By the way, how did you enter 10^9 in whatever you used to calculate your number?

10^9 eV =1 GeV

 

[robphy]

10^9 eV =1 GeV

What I mean is...
in your calculator,
did you enter "10^9" or "1e9" or (the incorrect) "10e9"?

 

[Benzoate]

What I mean is...
in your calculator,
did you enter "10^9" or "1e9" or (the incorrect) "10e9"?

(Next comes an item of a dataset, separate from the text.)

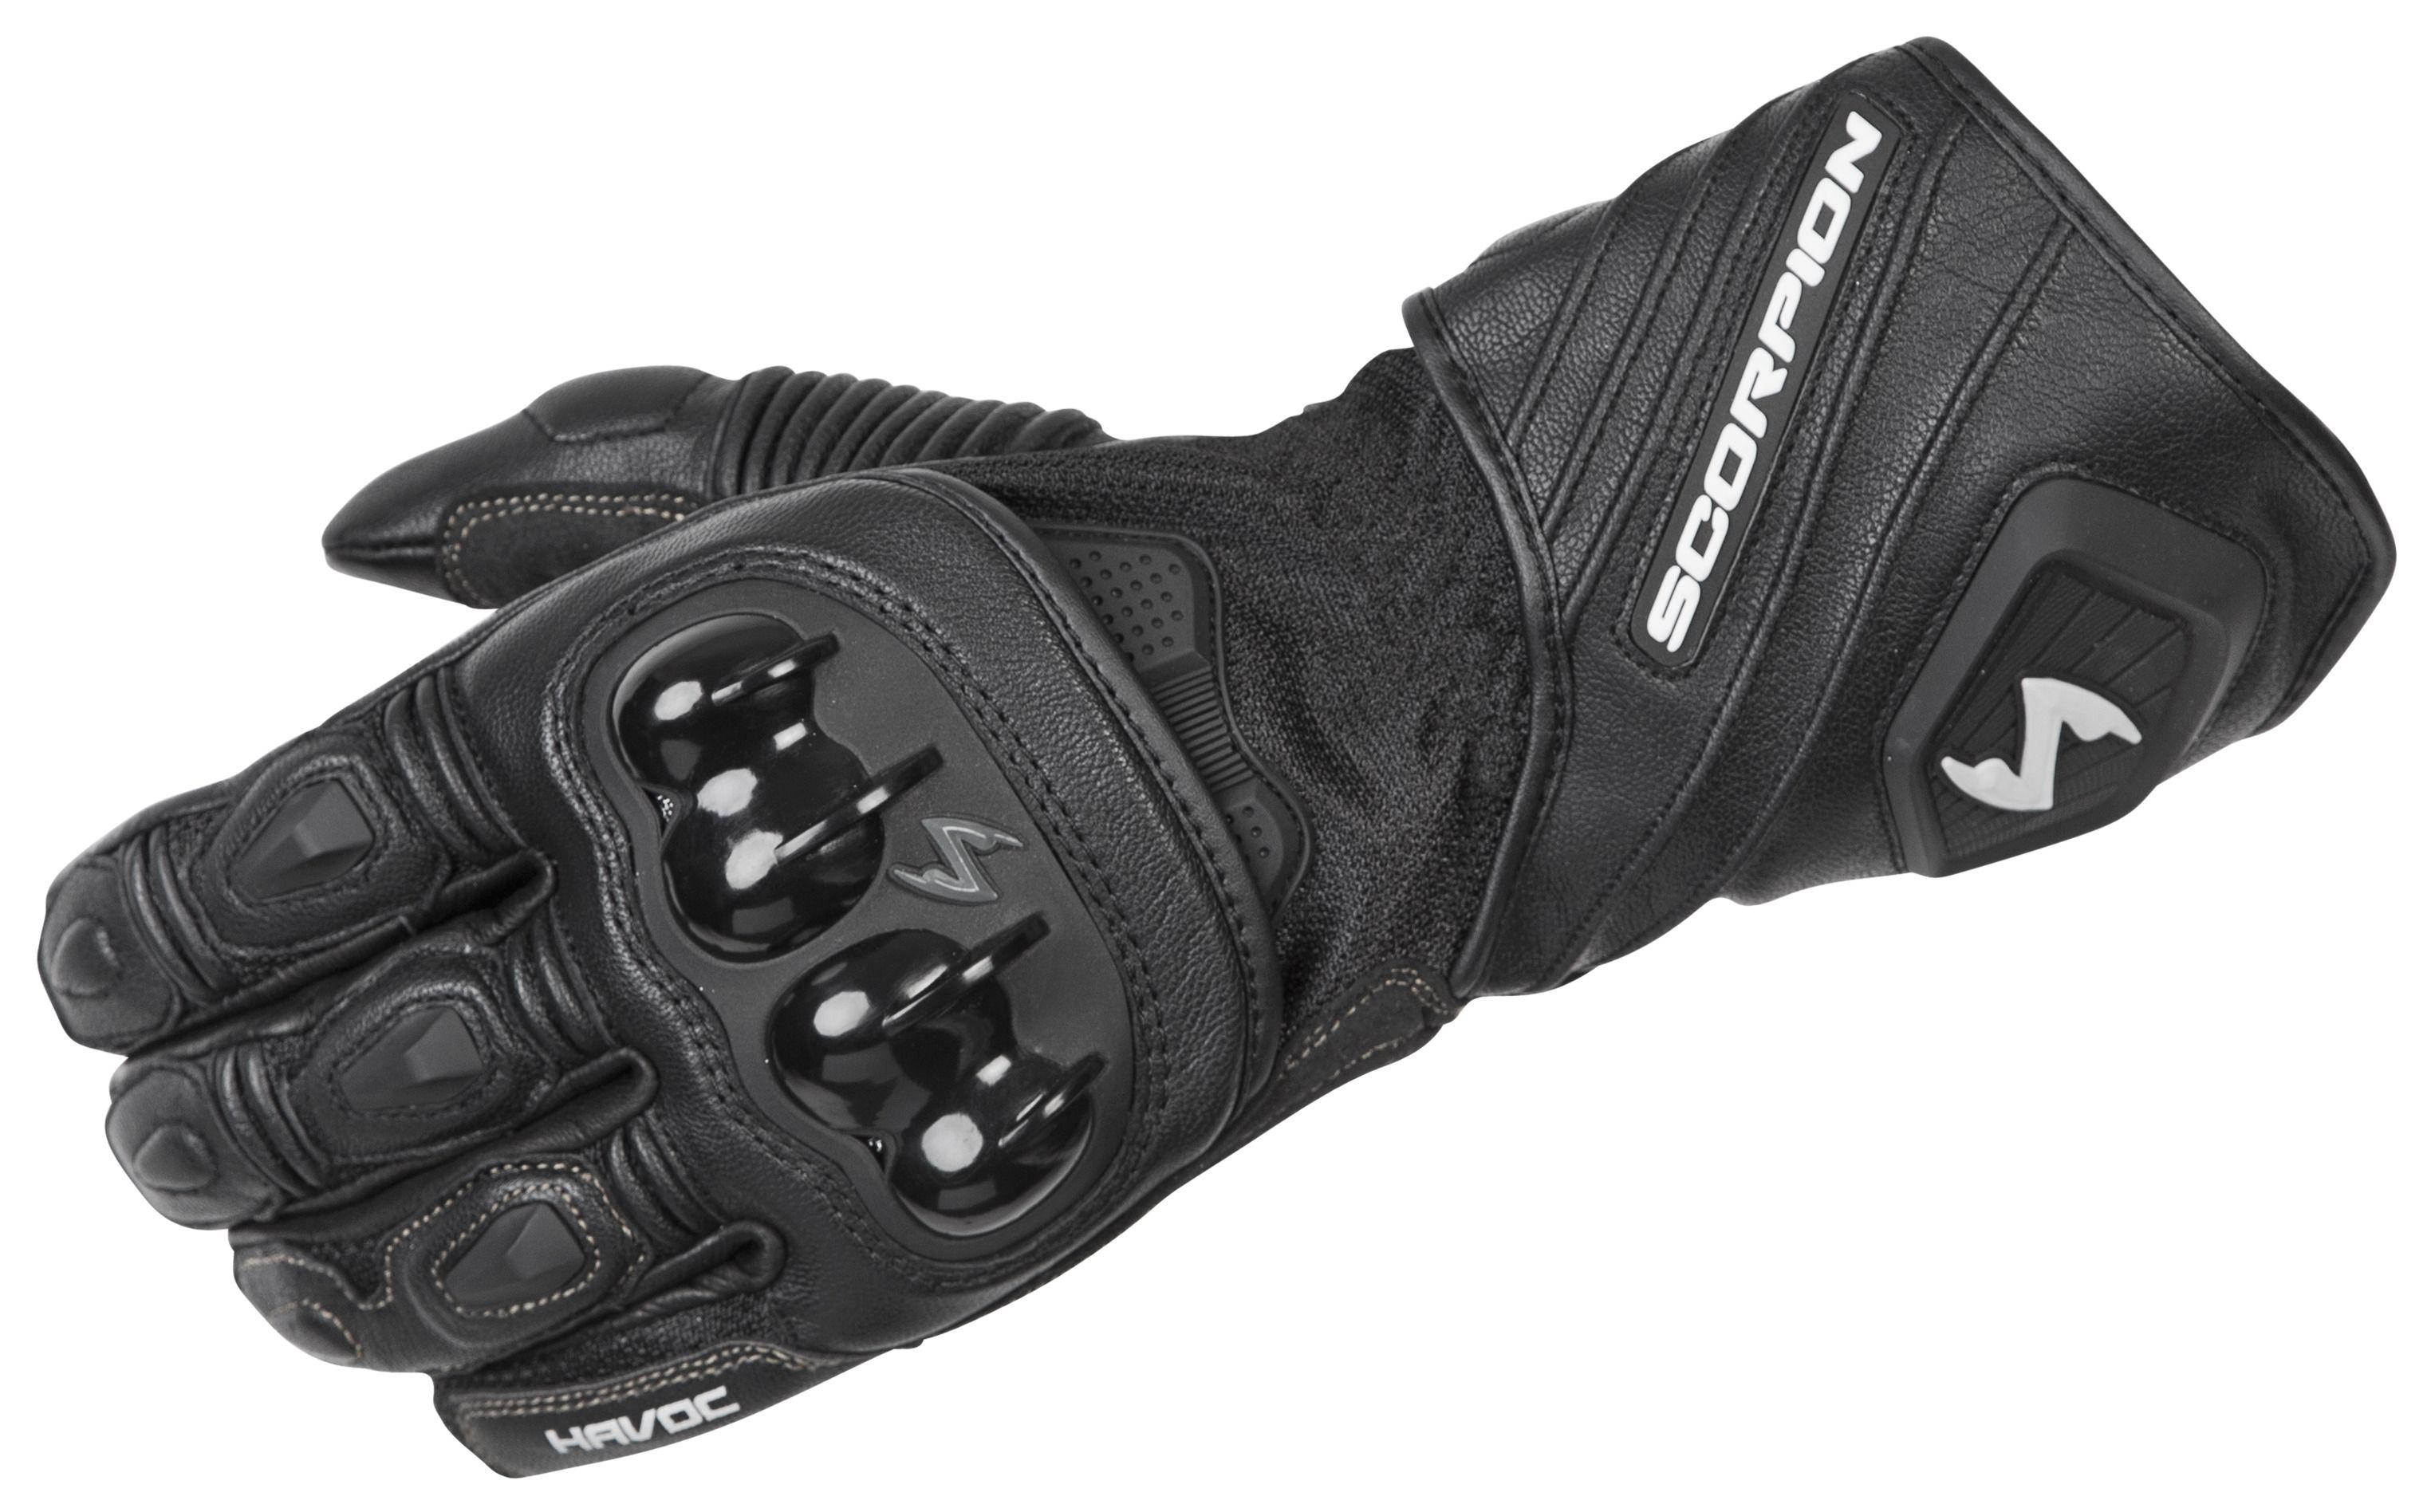 Leather gauntlet driving gloves - Leather Gauntlet Driving Gloves 50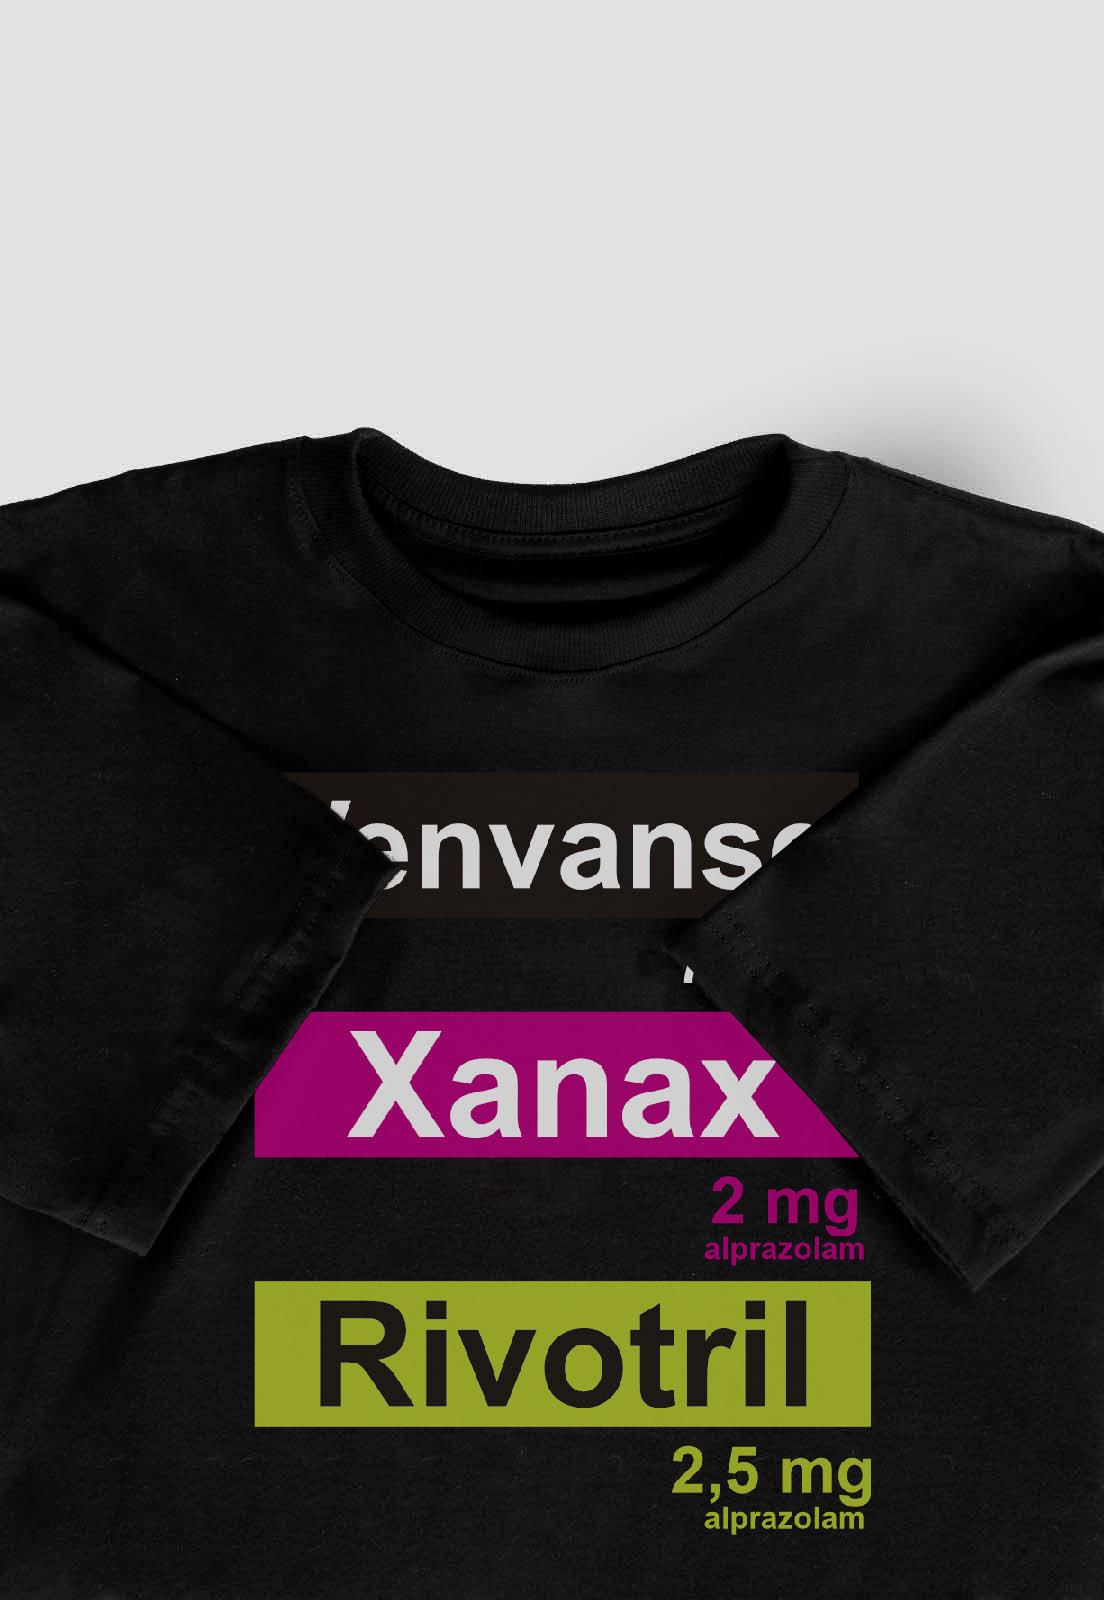 Camiseta Streetwear Prison medicines

I have another question about finding the mass of Au particle.to calculate the mass I just multiply atom mass o Au atom * total mass of proton. m=(197 u)*(938.57 MeV/c^2/(u)) and E= 197 nucleons*(200 GeV/nucleon)?

 

[dynamicsolo]

I have another question about finding the mass of Au particle.to calculate the mass I just multiply atom mass o Au atom * total mass of proton. m=(197 u)*(938.57 MeV/c^2/(u)) and E= 197 nucleons*(200 GeV/nucleon)?

That would be close enough for the purpose of problems such as this one. A more precise value for the nuclear mass of Au-197 would be (79 x Mp) + (118 x Mn) - (nuclear binding energy), but that's needlessly fussy for this.

BTW, u is not the proton's mass, but rather the atomic mass unit. It is currently based on the nuclear mass of C-12, so u = [ (6 x Mp) + (6 x Mn) - (binding energy)]/12. If you look up values for the physical constants at the NIST site, for example, you'll see that Mp, Mn, and u are all pretty similar, but not exactly the same.